China’s gross domestic product expanded 4.5 per cent year on year in the first quarter, as strong growth in exports and infrastructure investment as well as a rebound in retail consumption and property prices drove a recovery in the world’s second-largest economy.
The official figure, which exceeded analyst expectations of a 4 per cent rise, followed efforts by Chinese leader Xi Jinping’s government to restore business confidence damaged by pandemic controls last year and abrupt policy changes.
The January-March growth rate was still short of the government’s full-year target of 5 per cent, held back by a nationwide Covid-19 outbreak at the start of this year, but economists expect it to pick up pace as the year progresses.
Xi, who formally embarked on an unprecedented third term as China’s president last month, is keen to revive economic growth.
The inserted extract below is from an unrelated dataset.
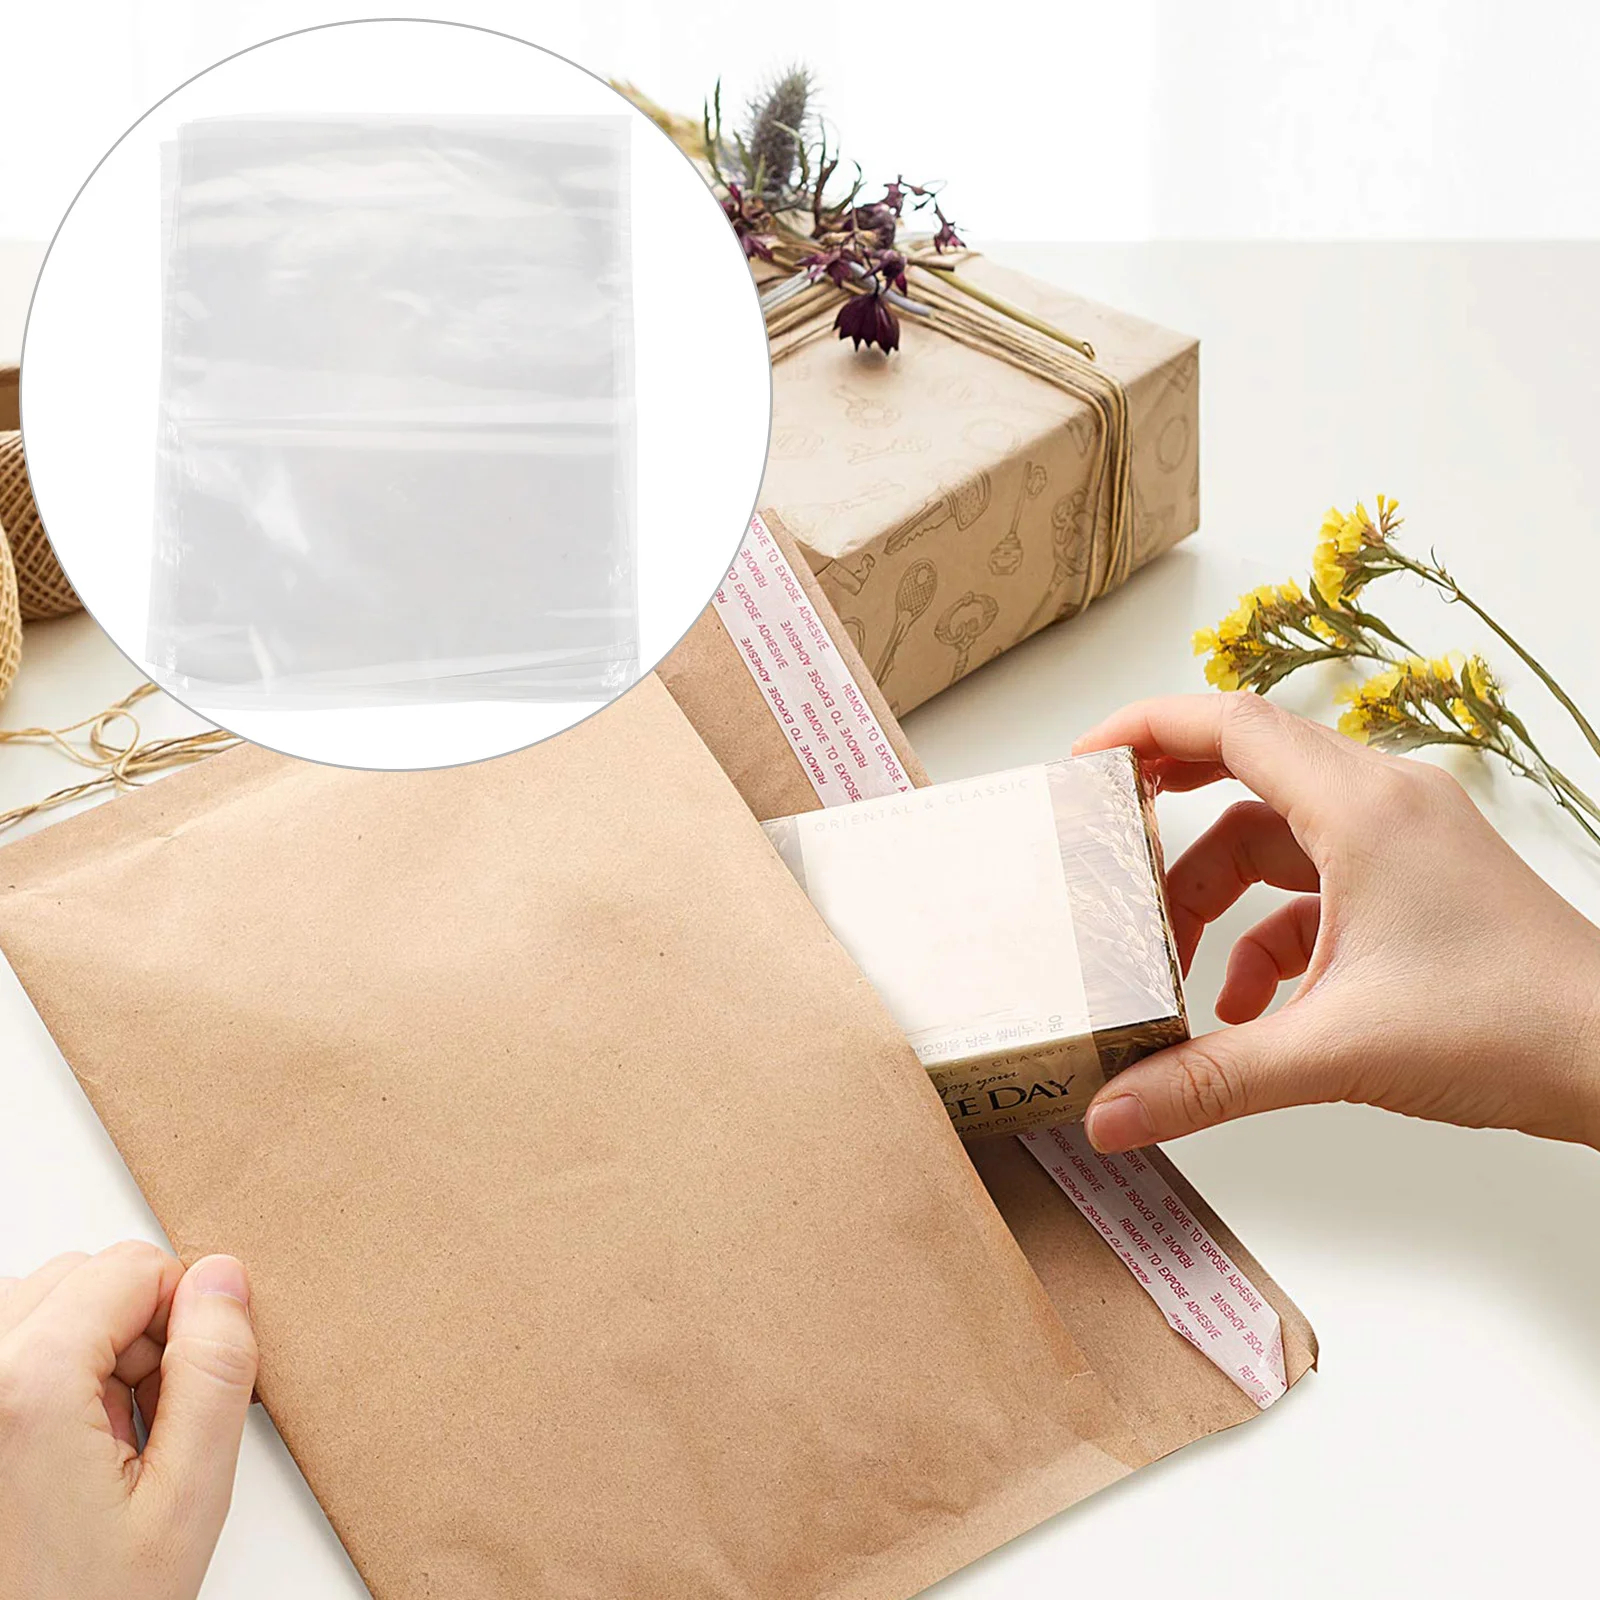 

200 Pcs Heat Shrink Film Bag Wrap Bags Vaccum Seal Take Bath Fresh Keeping New Material Vacuum Sealer Machine

Gross domestic product expanded just 3 per cent last year, missing the official target of 5.5 per cent which was already the lowest in decades.
“Definitely, the recovery’s on track,” said Tao Wang, UBS chief China economist. “The momentum at the beginning of the year was stronger than expected.”
China’s rebound is crucial to global economic growth this year as developed nations grapple with persistently high inflation, rising interest rates and sluggish expansion in the wake of the pandemic and Russia’s full-scale invasion of Ukraine.
“The national economy showed a steady recovery and made a good start,” China’s National Bureau of Statistics said. But the agency cautioned the situation was “complex and volatile, inadequate domestic demand remains prominent and the foundation for economic recovery is not solid yet”.
Chinese commodities markets rallied following Tuesday’s data release, but equities failed to hold on to early gains.
China abandoned zero-Covid restrictions in December amid popular opposition to the rolling lockdowns that paralysed cities across the country for most of the year. The easing unleashed pent-up demand in the retail sector, where sales rose 5.8 per cent year on year in the first quarter and 10.6 per cent in March. But the base of comparison with last year was low, given that Shanghai started a months-long lockdown in late February 2022.
Premier Li Qiang, Xi’s new number two, signalled at China’s rubber-stamp parliament last month that the government would relax a crackdown on business that has wiped billions of dollars from property developers and internet platforms.
Manufacturing investment rose 7 per cent year on year in the first quarter and industrial output gained 3 per cent. Exports showed strong growth, up 8.4 per cent in the first quarter, and state-led infrastructure investment climbed 8.8 per cent, while overall fixed asset investment rose 5.1 per cent. Private investment was weak, up just 0.6 per cent, suggesting a decline in March.
The property sector’s woes continued, with new housing starts tumbling 19.2 per cent year on year in the first quarter. Home sales by area declined 1.8 per cent but sales by value rose 4.1 per cent, pointing to a nascent recovery in prices. In March, new home prices rose at their fastest pace in 21 months.
The jobless rate fell to 5.3 per cent in March from 5.6 per cent in February, but youth unemployment hit the second-highest mark on record, at 19.6 per cent.
Economists said momentum would pick up in the second quarter, helped by the low base effect, but warned that consumption and property might struggle to maintain strong growth, while exports could be threatened by weaker developed markets.
Xi’s administration also remained hamstrung by a lack of credibility after hobbling the private sector, experts said.
Keyu Jin, a professor at the London School of Economics and author of The New China Playbook, said the biggest obstacle was the gap in private sector demand, both in consumption and investment.
“It will take time for confidence to come back to the Chinese economy,” she said.